El cachorro debe llevar un collar, nunca un arnés. En algunas tiendas de animales se sugiere el uso de un peral en lugar del collar y la correa, argumentando que molesta menos y que el animal se acostumbra más fácilmente. No cometamos el error de poner un petral al american stafford, por varios motivos: el petral le hará separar los codos al caminar e impedirá que el propietario imprima su autoridad cuando el perro tira. Por otro lado, en las exposiciones no está permitido porque oculta la parte del cuerpo y, como ya se ha dicho, no garantiza una conducción controlada.
En las primeras salidas con correas podemos tener algún problema. Puede ocurrir que el cachorro se 《plante》negándose a caminar, se rasque o empiece a dar saltitos. En cualquier caso, estas acciones de protesta no suelen durar más de cinco minutos.
Para ayudarle a acostumbrarse,podemos desviar su atención jugando con él o dándole algo de comer que le guste mucho, inmediatamente después de haberle puesto el collar.
El collar no debe ir excesivamente ajustado para que no le moleste, pero tampoco podemos dejarlo demasiado flojo porque el animal podría soltarse, con la consiguiente situación de peligro, sobre todo el la ciudad.
Una vez que el cachorro se haya acostumbrado al collar, podemos intentar el primer paseo, en el que a buen seguro surgirán otros pequeños problemas, ya que el perro todavía no sabe que es la correa. Un truco eficaz para distraerlo es incitar le a atrapar un juguete (o una golosina) mientras camina.
Si el cachorro se niega a avanzar, no debemos tirar nunca de la correa: es inútil y peligroso porque el american stafford no cede fácilmente y como tiene mucha fuerza podría causarse, el mismo, una lesión muscular.
Durante los primeros paseos puede ocurrir que un objeto ( o un ruido) asuste al cachorro.

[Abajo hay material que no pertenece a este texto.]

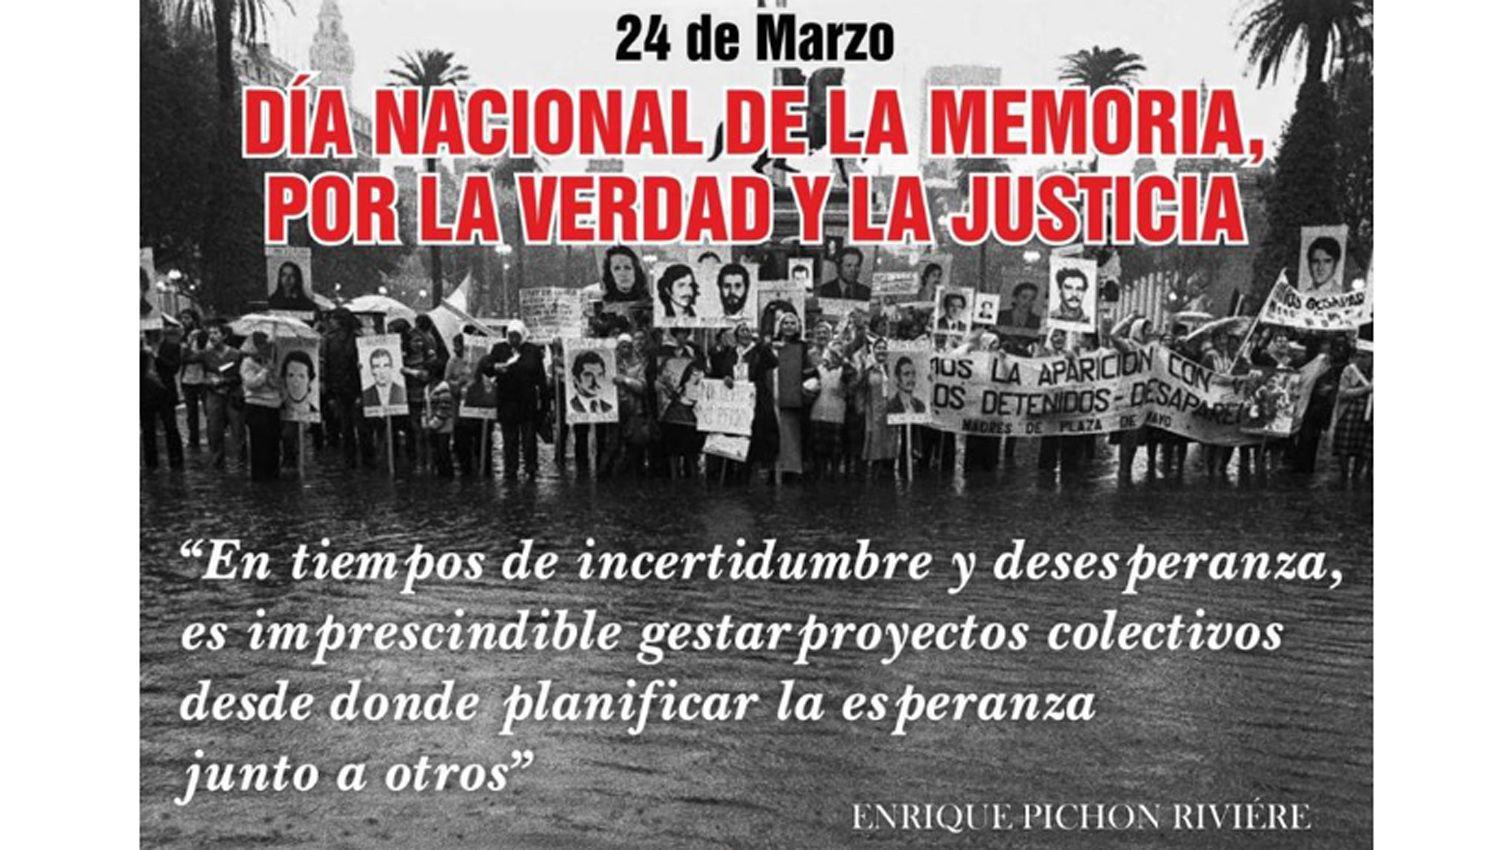 El gobernador Zamora recordoacute el Diacutea Nacional de la Memoria por la Verdad y la Justicia

Un ejemplo típico son las alcantarillas. El american stafford es un perro valiente, pero a los dos o tres meses tampoco se puede pedir mucho. No lo forcemos a superar el obstáculo tirando de él y hablándole con brusquedad, pero tampoco corramos a tomarlo en brazos. La solución es tranquilizarlo hablándole con voz calmada, 《supersr》nosotros mismos el obstáculo delante de él y hacerle entender con calma y paciencia que no hay nada que temer.
Una larga mano tranquilizadora
Es fundamental que el perro tenga, desde cachorro, una relación agradable con la correa, y que nunca la vea como una obligación. Para el animal la correa ha de representar una prolongación de la mano del dueño y, por lo tanto debe constituir un nexo de amistad y confianza. Si los primeros contactos fueron traumaticos, el trabajo posterior seria mucho más difícil. Por consiguiente, es muy importante que el cachorro vea la correa como un instrumento agradable y no como un enemigo, aunque también es importante que la respete y que no la considere un juguete.
Errores que siempre deben evitarse
- dar tirones al cachorro si no quiere caminar con la correa :
- pegar al animal con la correa (aunque solo sea bromeando)
- dejar la correa a disposición de este, permitiendo le jugar o morderla (¿le dejaríamos morder nuestro brazo?).